Trial-aligned decoding with International Brain Lab data#
This example works through a basic pipeline for decoding the mouse’s choice from spiking activity in the International Brain Lab’s decision task, including loading the data from DANDI, processing and trial-aligning the neural activity, and fitting a logistic regression with cross-validation using scikit-learn.
The International Brain Lab’s Brain Wide Map dataset is available at Dandiset 00409. The International Brain Lab’s BWM website includes links to their preprint and additional documentation. The IBL also has an excellent decoding demonstration in the COSYNE section of their events webpage under “Tutorial 2: Advanced analysis”, along with many other relevant demos.

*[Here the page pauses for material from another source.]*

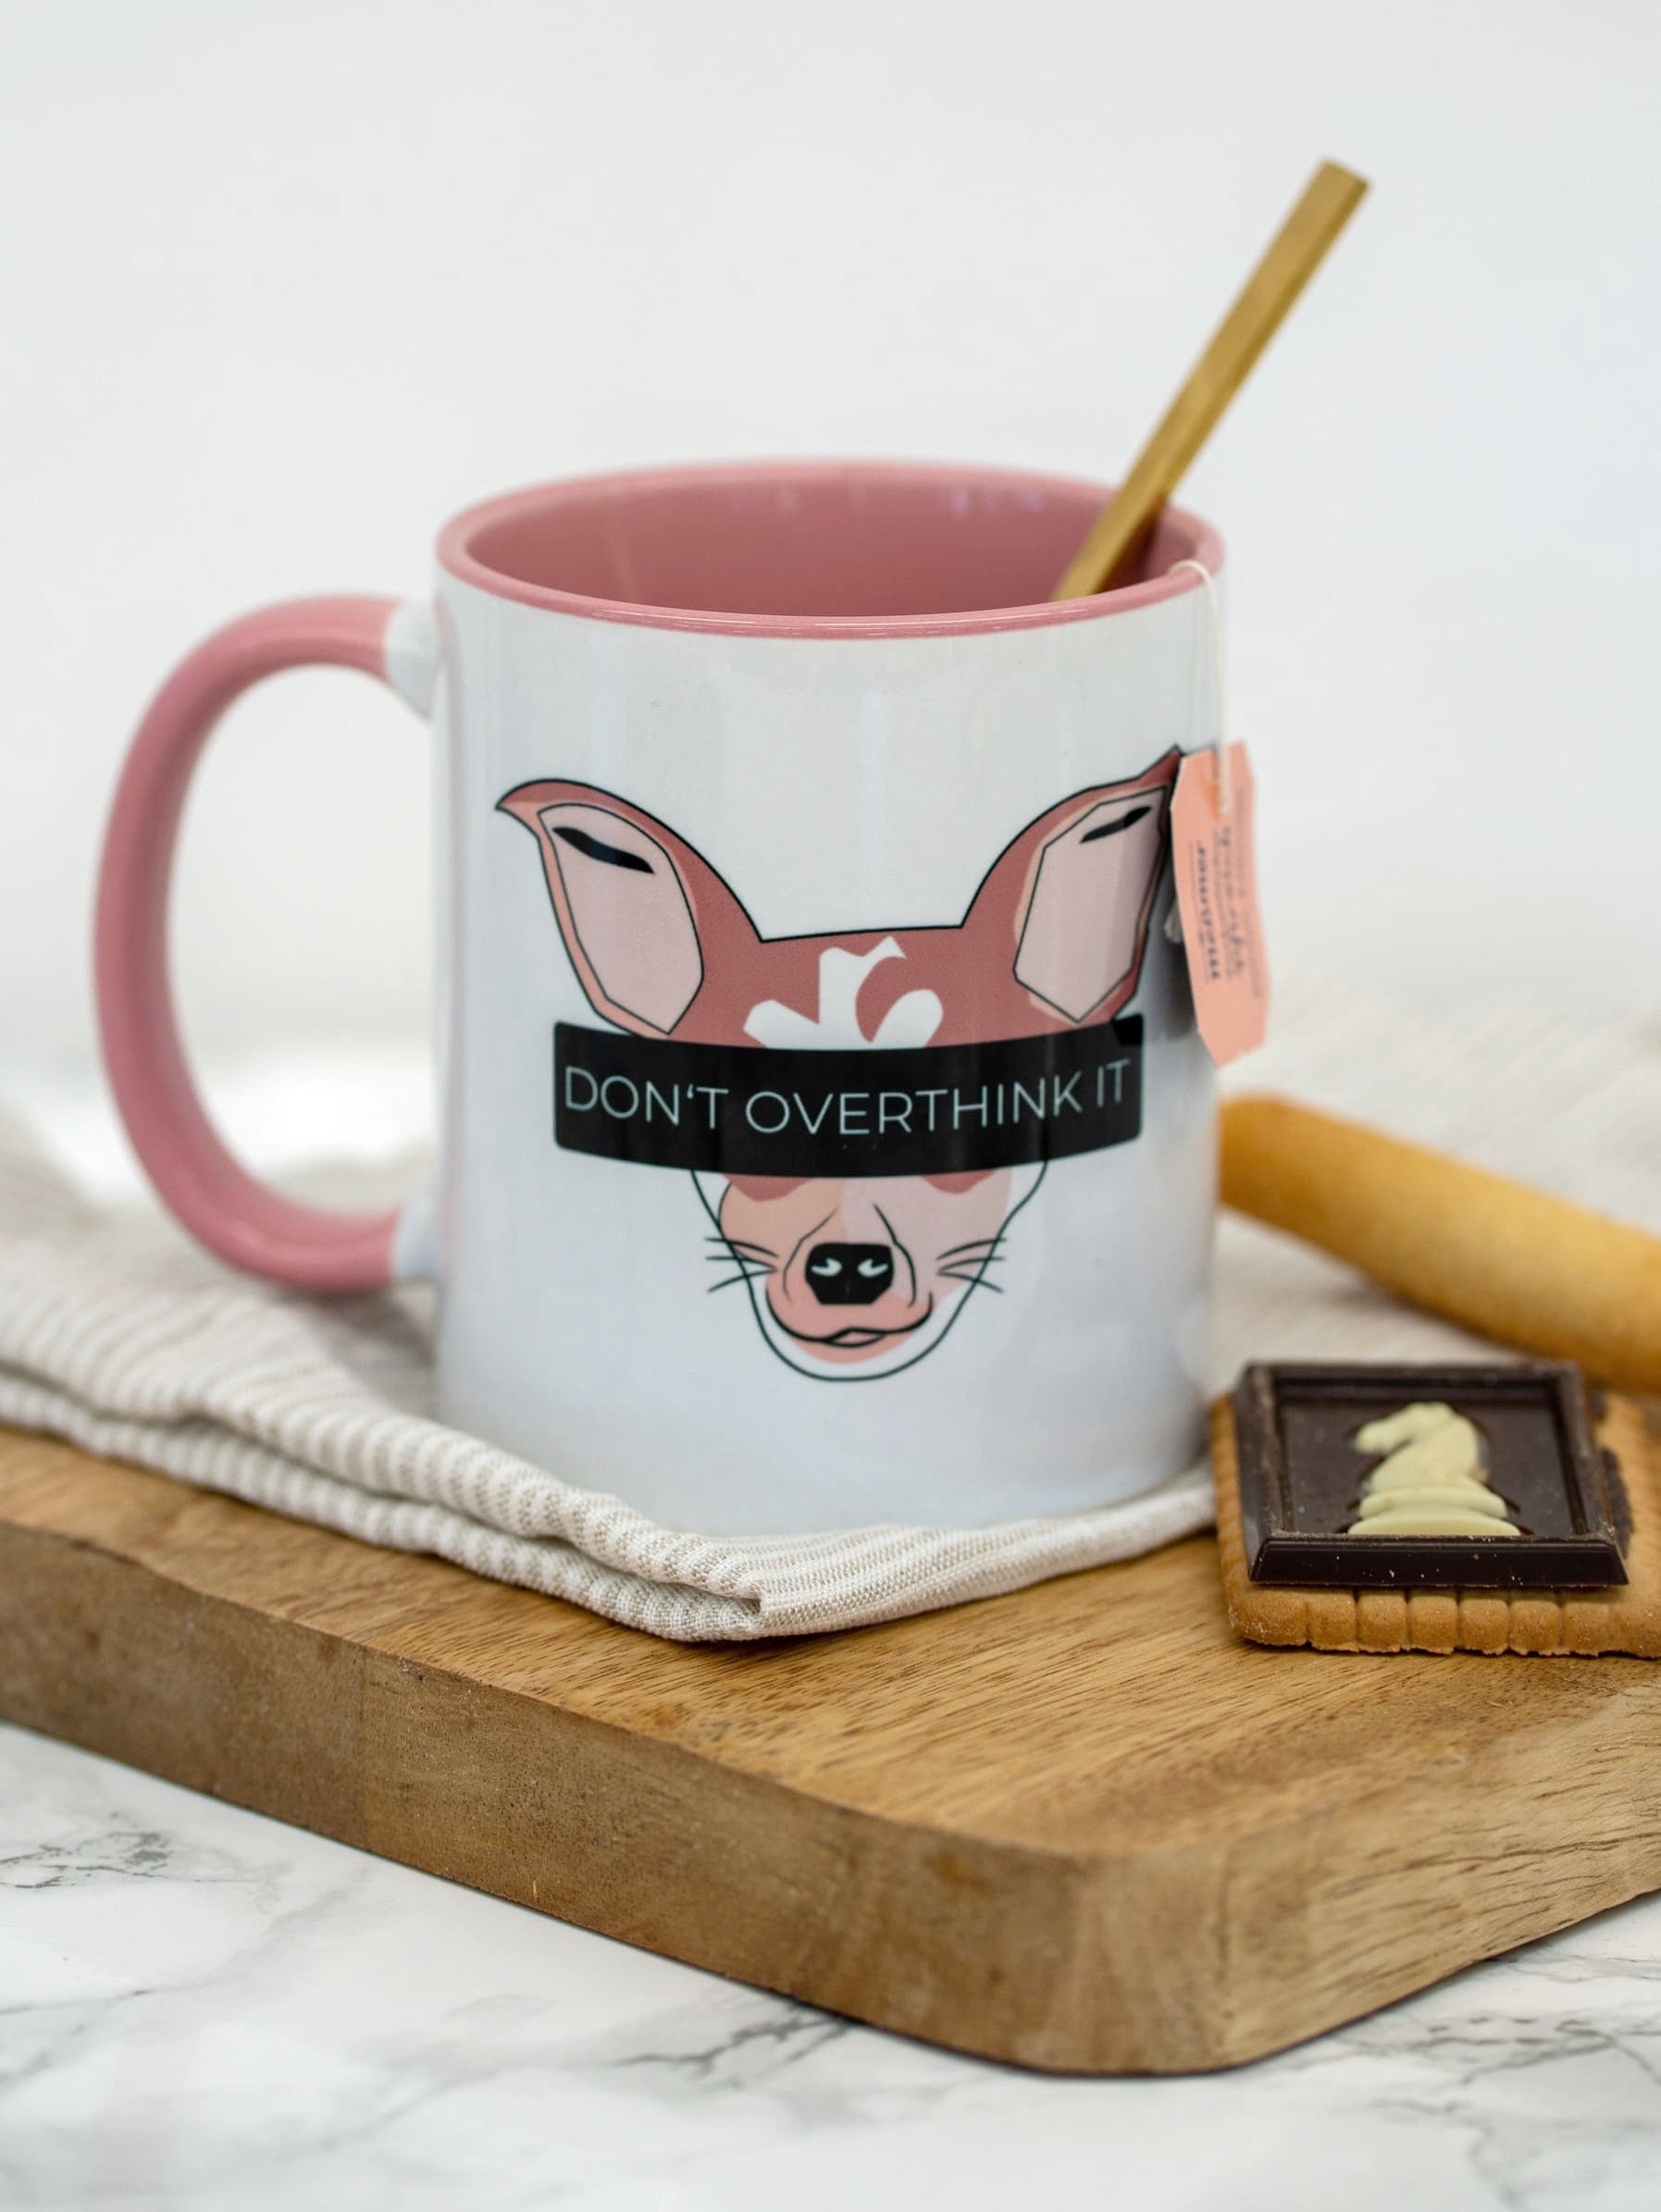 Don't overthink it - Tasse - Limited Edition!

For a more detailed tutorial on data loading with DANDI, see the “Streaming data from DANDI” example!
Caveats: This example is meant to provide a simple starting point for working with trial-aligned data and data from the IBL, and so it does not faithfully replicate the IBL’s quality control and filtering criteria; the decoding here is also simpler than the analyses carried out in those works.
Loading data#
See also the “Streaming data from DANDI”, which includes more detail.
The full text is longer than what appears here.